**EXERCISE PROMPT**
Retype, without pictures, the line holding "Siga o Papai" and each line below it through the final line.
-------- INFORMATION PROVIDED
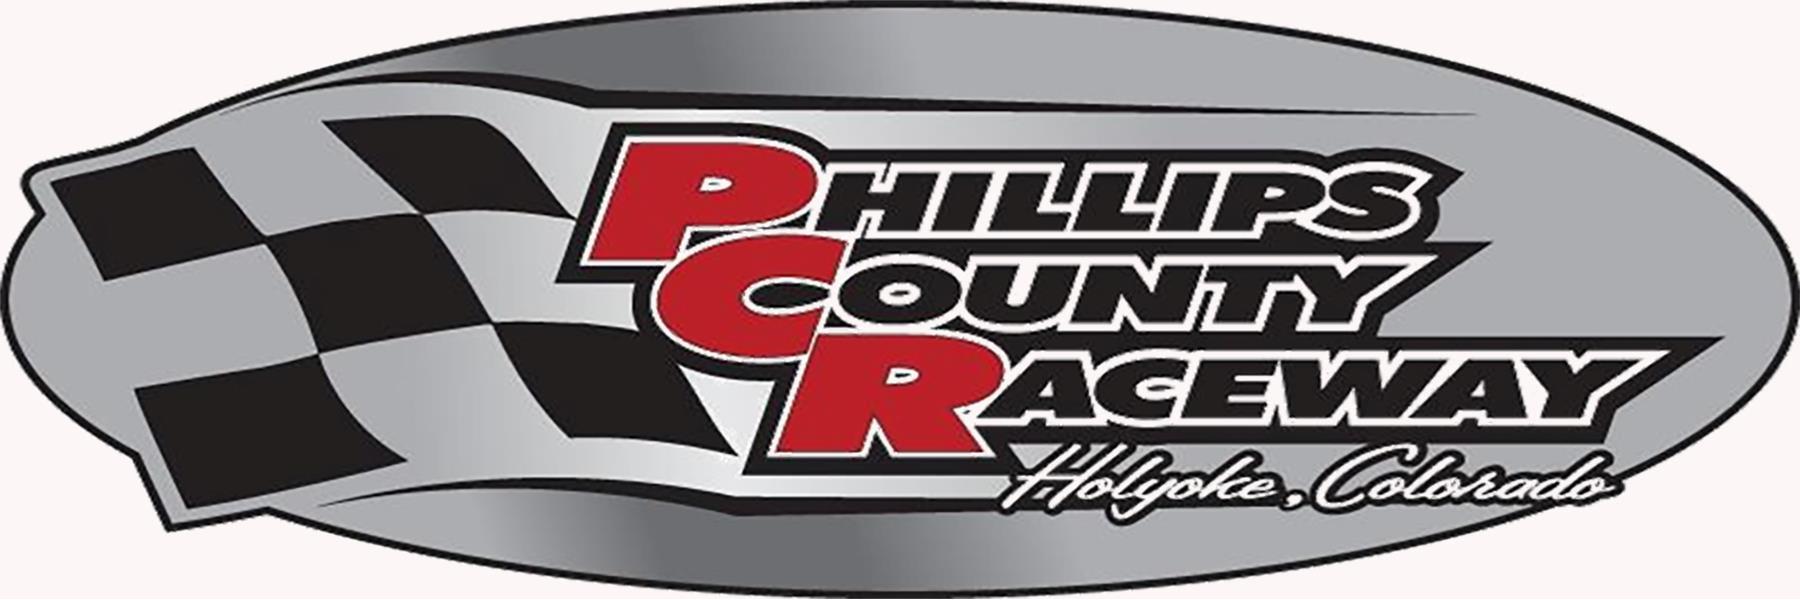 5/29/2022 - Phillips County Raceway
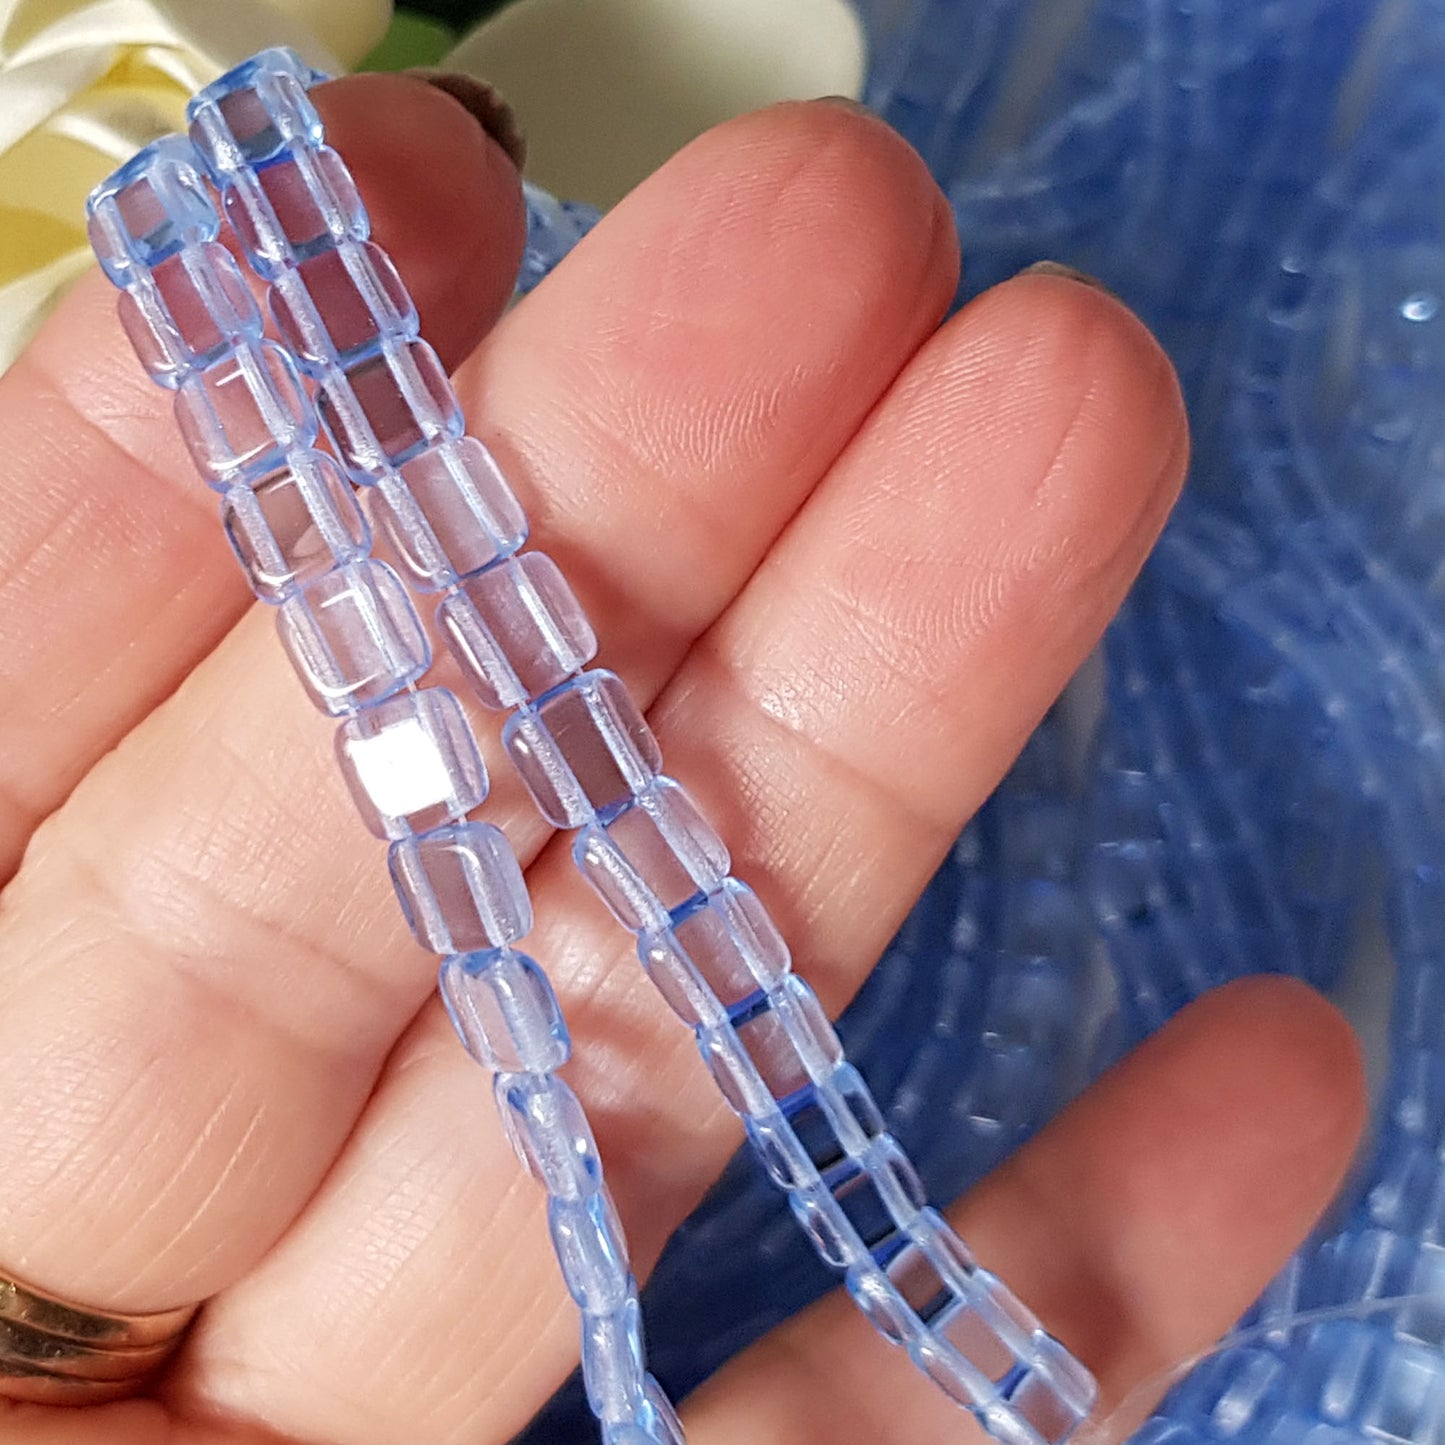 Tile Lt Sapphire Transparent 6mm CzechMate Beads | CZMTile-3002 | Beading Supply
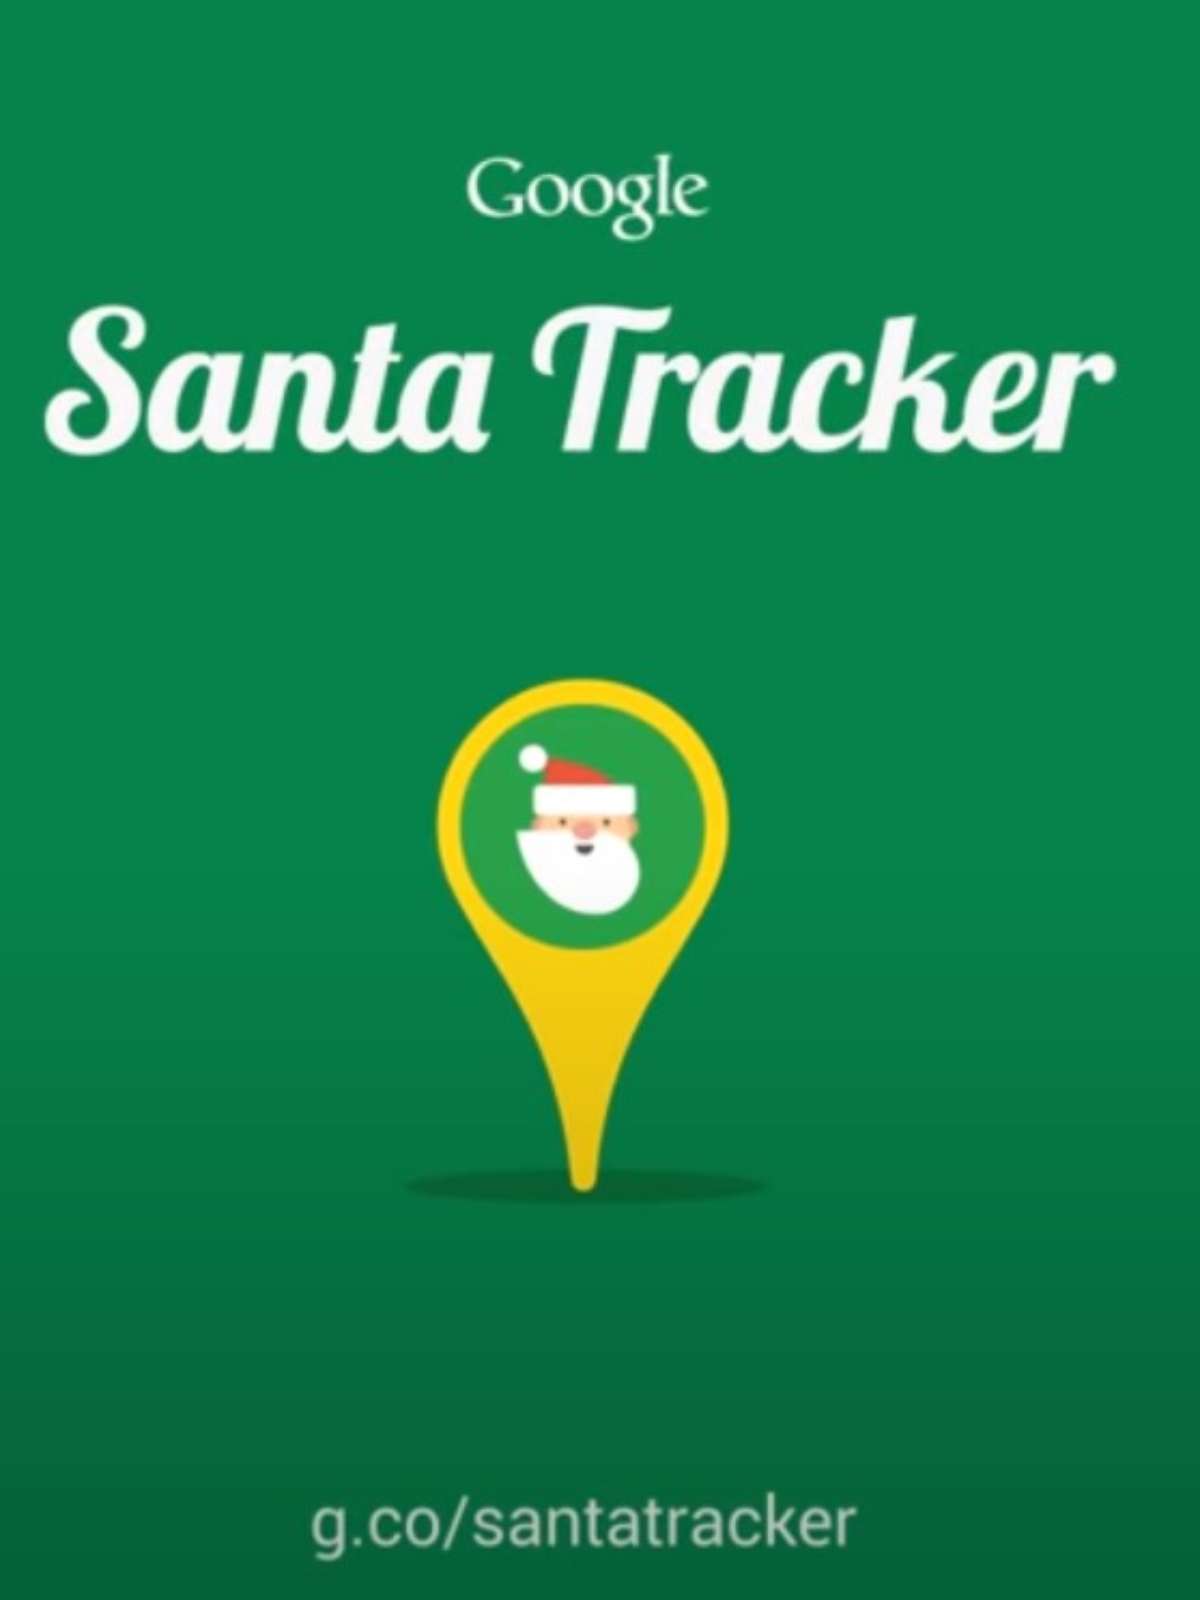 Siga o Papai Noel no Google Earth - Infowester
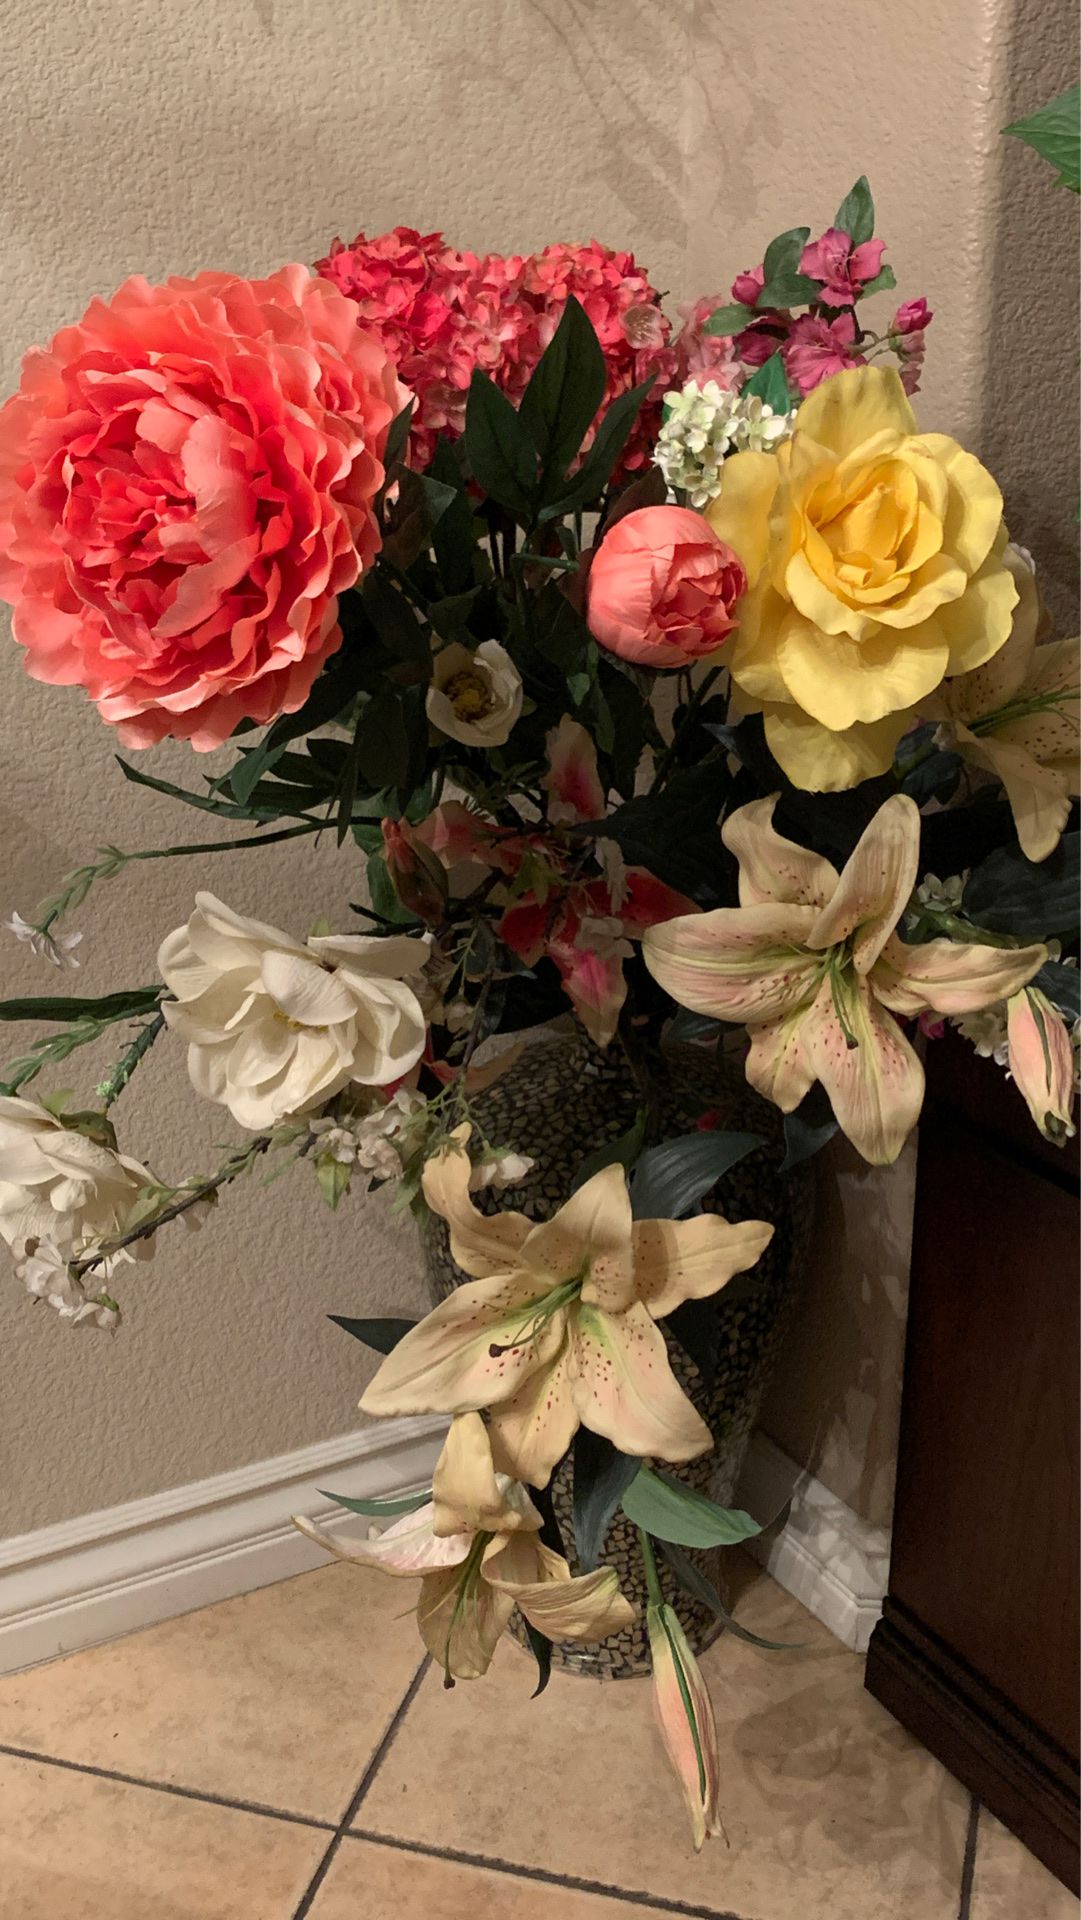 Flower and vase
----------------
**OUTPUT FOR THIS TASK**
 Siga o Papai Noel no Google Earth - Infowester
 Flower and vase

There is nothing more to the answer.